Thanks for so fast comment. No scheduler was installed on the server. Therefore, I submit the job with nohup. Below is an example. nohup bash ${id}_hisat2.sh > ${outDir}/shell/logerr/${id}_hisat2.nohup-logerr 2>&1 &
Please run it on a single file with a plain bash command outside of that script and without any nohup, not sending it to background and without redirecting any streams. This will show where to start debugging. You can also run it just on a subset of the entire file for testing purposes.
I re-run it on a single file with a plain bash command without nohup at my laptop (8 cores, 16G memory size), resulting in the same error. Then I tried to check the original fastq files. The fastp tool for QC shows a big difference at the ADAPTER box between successful (~4Gb) and failed samples (~6Gb) in the alignment step.
INFO of a successful sample
Adapter or bad ligation of read1. The input has little adapter percentage (~0.247438%), probably it's trimmed before.
Sequence Occurrences 1. A 3051 2. G 2336 3. T 4015 4. other adapter sequences 206857
Adapter or bad ligation of read2. The input has little adapter percentage (~0.246621%), probably it's trimmed before.
Sequence Occurrences 1. A 3086 2. G 2277 3. T 4063 4. other adapter sequences 206838
INFO of a failed sample
Sequence Occurrences
Adapter or bad ligation of read2
Sequence Occurrences
What I can tell is that these two samples were derived from different batches, one of which was trimmed before my handling. But I still do not know how to debug it. Appreciate any advice.
Did you verify that the index you created was good? Is this install of HISAT2 known to otherwise work well? You have more than adequate hardware capacity (assuming nothing else is consuming that capacity when you are running these jobs) for this to work.
Yes, I have successfully run three samples from the same batch. PS: they have similar file sizes and pre-processed by fastp.

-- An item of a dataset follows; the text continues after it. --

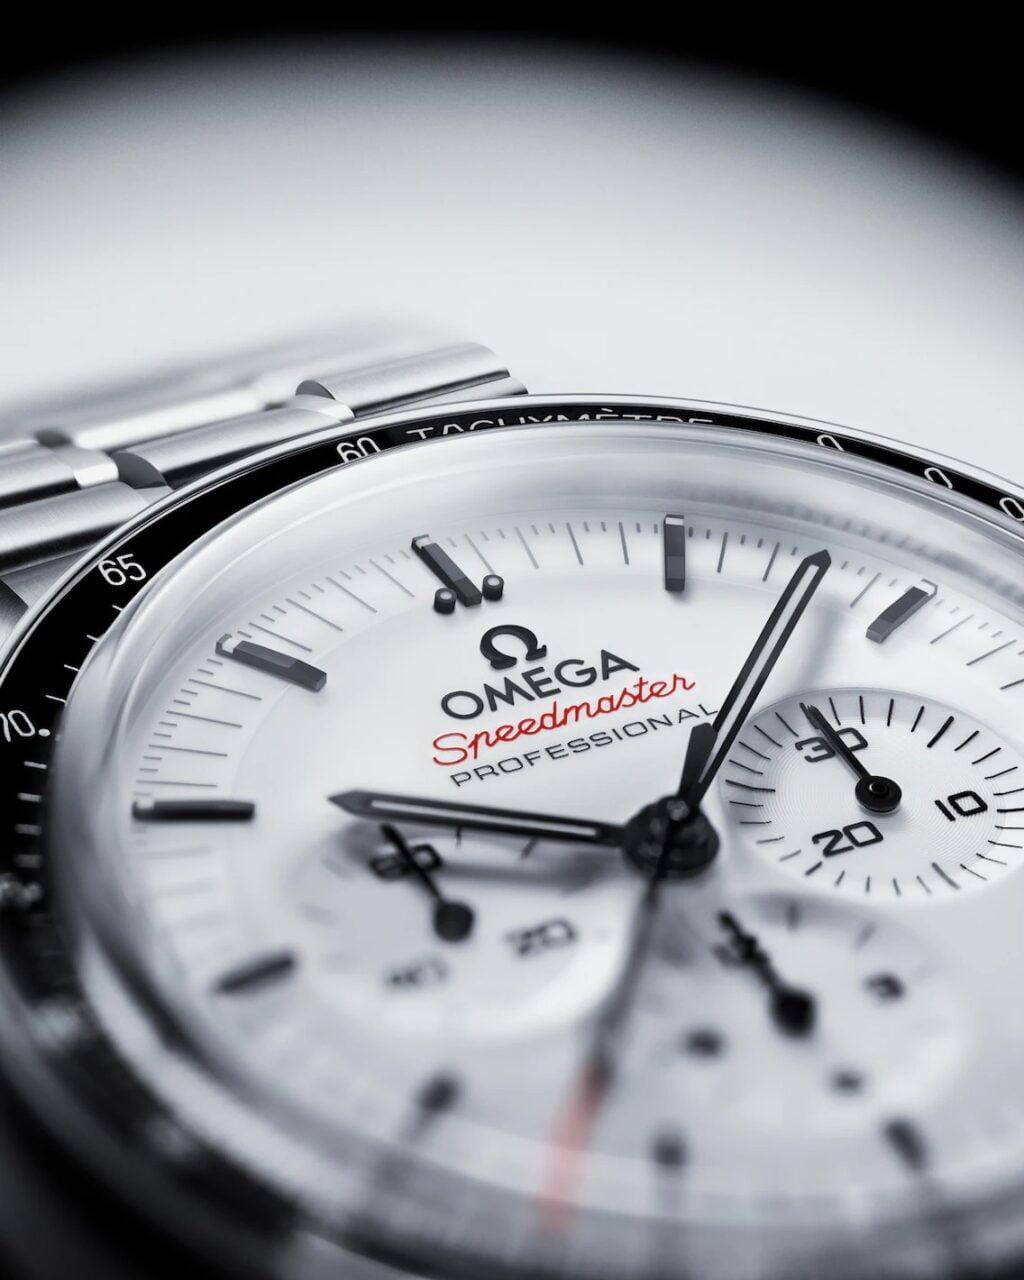 Zegarek Omega Speedmaster z białą tarczą, czarnymi wskazówkami i czerwonym akcentem na sekundniku, bransoletą z metalu.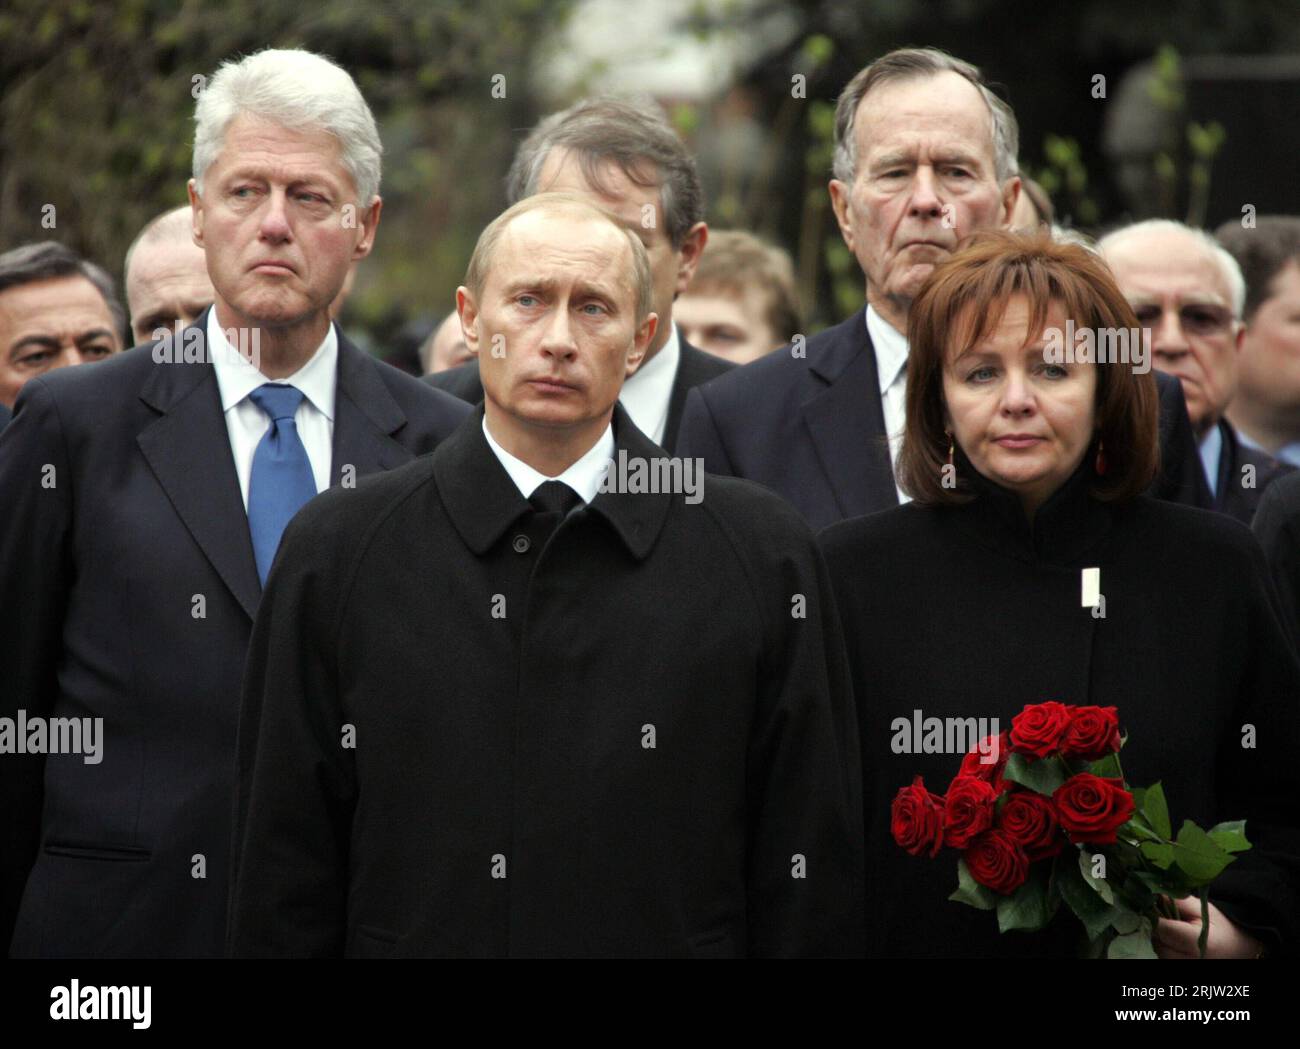 Bildnummer: 51825992  Datum: 25.04.2007  Copyright: imago/Xinhua V.l.n.r.: Bill Clinton (USA), Präsident Vladimir Putin (RUS) George Bush sen. (USA) und Ludmilla Putin (RUS) anlässlich der Beerdigung des verstorbenen Boris Jelzin in Moskau - PUBLICATIONxNOTxINxCHN, Personen, pessimistisch; 2007, Moskau, Fradkow, Wladimir, Beerdigung, Trauergäste, Trauergast, Beerdigung, Beisetzung, Gedenken, Trauer, Begräbnis, Staatsbegräbnis, Politik, Politiker, Lyudmila,  Paar, Ehepaar,; , quer, Kbdig, Gruppenbild, close, Russland, Randbild, People Stock Photo

Do you get anything else printed after:
Sigkill 9 indicates that something is not right and the program needs to abort. If you have other samples that have worked well with HISAT2 on this machine then I would suggest that you investigate if your fastq files for this particular sample are corrupt. It may be best to re-process the originals and see if you have better luck with newly made files. Hope you are trimming paired-end data files together.
Good advice. I am checking the original fastq files. Maybe remote transportation from my laptop at USA to the Linux server at China is the reason.